For those who can hold on and continue working for less, that’s good news. For everyone else, that’s exactly why unemployment insurance exists. The federal unemployment benefit could make great use of an extra $25 billion being put into that plan instead of just giving it to airlines to help subsidize wages, many of which are already going to be paid by the airline anyway.
It’s important to remember why PSP exists in the first place; why airlines were singled out to be saved. When this pandemic first started, the goal was to provide a bridge to a quick recovery. Airlines are important to the economy, and everything was going to bounce back very quickly, so the government wanted airlines to be ready to go. Now we know this recovery isn’t coming quickly. Yes, things should improve once there is a widespread vaccine, but nearly everyone agrees that there will be a multi-year impact on demand, especially for the all-important business traveler.
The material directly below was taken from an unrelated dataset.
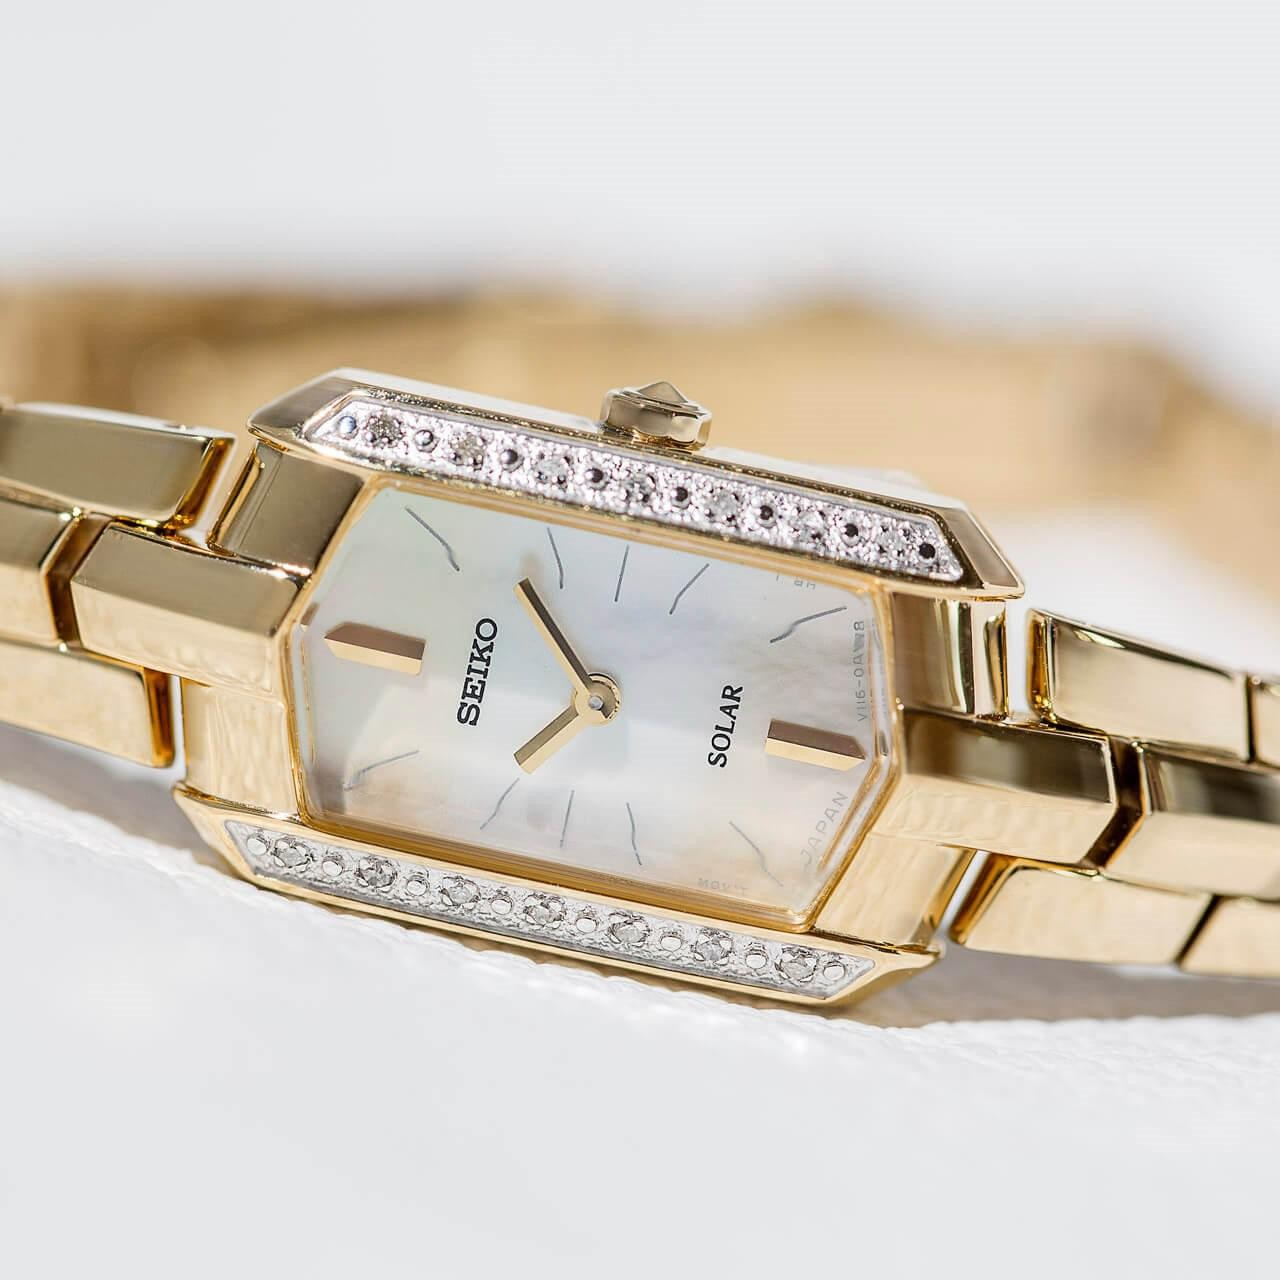 SEIKO 精工 Tressia SUP330 女士太阳能腕表

Because of that, airlines need to adjust their businesses, and that means reducing the number of people who work for them. As long as PSP continues, airlines won’t make those hard adjustments. Instead, they’ll just keep the people at the bottom of the list on a yo-yo, bringing them back and then furloughing them time and time again as the money ebbs and flows. And that money — so, so much money — could be put to much better use taking care of those who need it most in this country.